At the same time, Commons should support the ability to store more variety of data than just images and video:

  • Add support for generic data type storage as files (JSON, CSV/TSV)
  • Add support for domain-specific data type storage as files like GeoJSON, TopoJSON, KML, 3D models, and other multimedia
  • Add ability to process data files with Lua
  • Add ability for Lua code to return data via API in the "raw" format (e.g. as JSON/CSV/...)

One Image = Thousand Words[edit]

Animations require JavaScript, yet giving untrusted authors a way to modify Wikipedia site's JavaScript is a major security threat. Sanitizing or sandboxing JavaScript to the point of being safe is not an easy task, but there is Vega visualization grammar - a declarative interpreted language that we already use for the graphs, and that supports interactive usage in version 2.0. Vega is good for producing data-driven charts and colored maps with overlays, but might need some work to support other visualization types, e.g. 3D or generic animations. Unlike charts which only require the data, visualizing maps also requires a model to draw on, e.g. the outline of the countries/regions/city districts. The OpenStreetMaps database has that data, and our new maps service could be made to provide it.
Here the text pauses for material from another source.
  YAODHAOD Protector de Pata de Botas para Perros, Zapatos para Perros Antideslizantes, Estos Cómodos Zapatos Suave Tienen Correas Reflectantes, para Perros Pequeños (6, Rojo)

Where in the World is Map?[edit]

At present, adding a map to an article requires substantial investment of resources and time - a person with GIS experience needs to look at an article, decide what needs to be shown, construct a map using some specialized GIS software, and upload it as an image. On the other hand, our new OSM-based map service can show a generic map, but without the article-specific data and not conveying enough useful information. There are several community-lead projects that attempt to address this, such as WikiMiniAtlas which show article-related map when an icon at the top is clicked, but this relies on WMF labs, not very stable, does not scale, and cannot be inserted inside an article for security and privacy reasons. A good map should be tailor-made for the specific usecase, but easy enough for the majority of wiki contributors to edit it. Kartographer extension is a rough draft of this functionality, offering a <map> tag with additional article-specific geographic content.
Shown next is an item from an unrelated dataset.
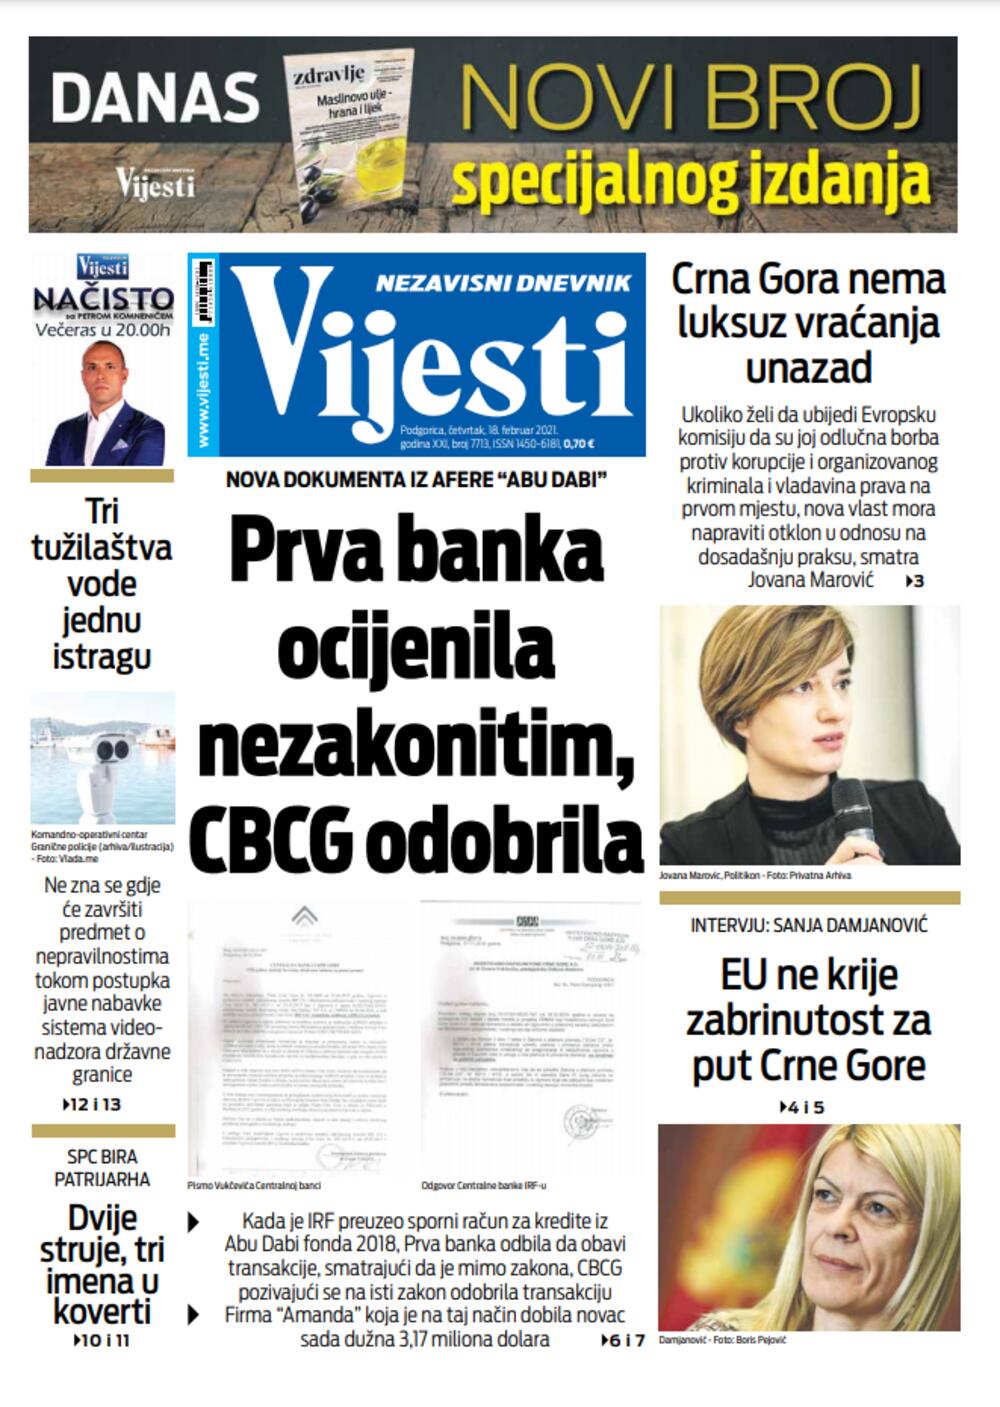 Naslovna strana "Vijesti" za četvrtak 18. februar 2021. godine, Foto: Vijesti

One Tool to Rule Them All ...[edit]

... is a bad idea, and foundation should always help the community to drive multiple tools innovation. Community developers tend to know well what functionality is needed, but should not be required to produce a production-quality code from the start. Getting started extending Visual Editor seems non-obvious, so I think we should help with building more user-JS-based and labs-based Visual Editor gadgets by providing guides and tutorials. This way someone could set up a labs instance with a complex 3D editor or animation builder, integrate it into VE for testing, share it with others, get it adapted by a single wiki, and, once ready, get it into production code. This route should be encouraged for all new VE features, instead of spending a lot of time building a production-quality tool without feedback only to realize that it does not fit the need and needs to be rewritten.